I normally do my silver castings in lost wax with Americast. It's very similar to plaster, but will withstand high temperatures better. much less cracking and shrinkage. very good detail. I recall that there are a couple different types of it, but I forget which I got. I think I got it from this website, but I can't find the other options... http://www.contenti.com/products/casting/164-514.html


----------



## grainsofgold (Sep 10, 2014)

For the black pieces I would cast them in palladium and leave them in the oven when you take them out they will have a nice dark patina on them -

Silver is a PITA to cast unless you do it often - sub it out-

GOG


----------



## Irons (Sep 10, 2014)

kadriver said:


> Does the ceramic deteriorate that quickly? Thanks for the heads-up.



Investment Casting. Also: Lost Wax process. Folks have been doing this for Thousands of Years.

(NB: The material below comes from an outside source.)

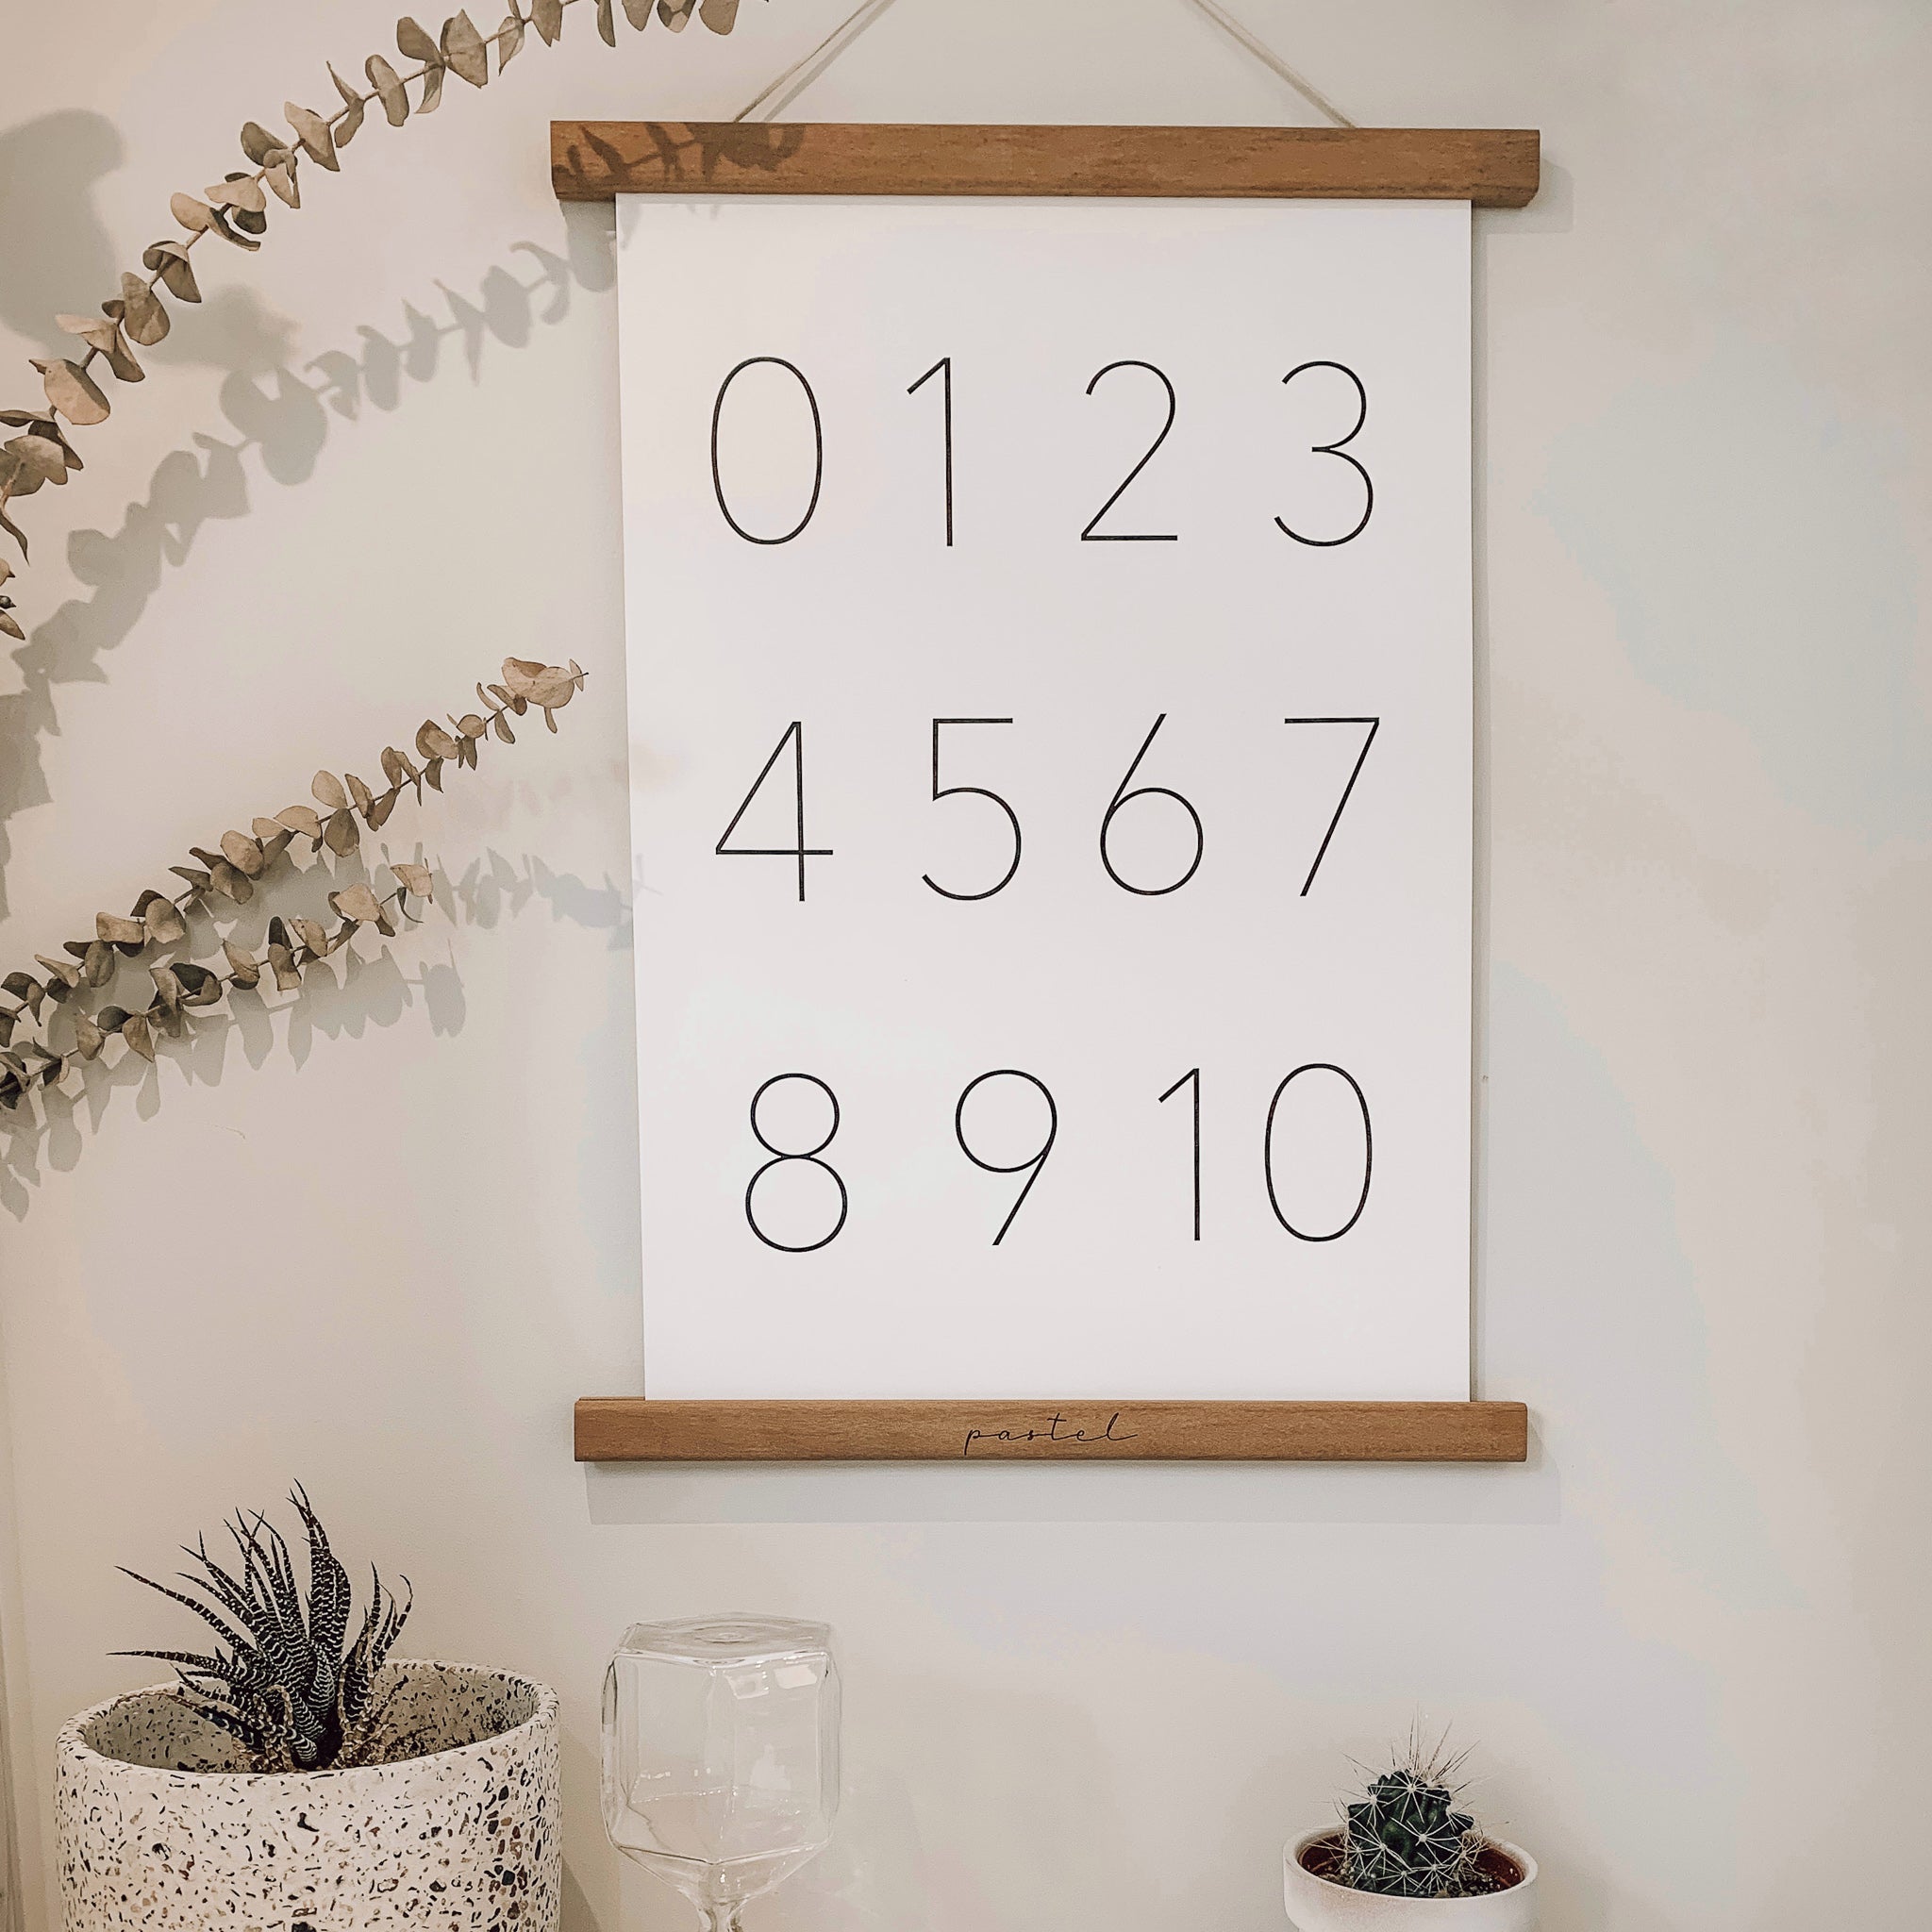 Decorative & Educational Poster "Numbers"

https://en.wikipedia.org/wiki/Lost-wax_casting

http://www.ehow.com/way_6463143_homemade-investment-compound-casting-bronze.html

Using a Vacuum Pump to get the bubbles out of the Casting Plaster is a big time-saver. I use a Dessicator which has a Vacuum Tabulation and metal cage to prevent flying glass in case of failure. There are plastic ones on the market that also combine the ability to dry the mold and extract the bubbles. If I were doing it from scratch, I would go with plastic, but I got a good deal on a Pyrex one with safety cage about 35 Years ago and it hasn't broken yet.


----------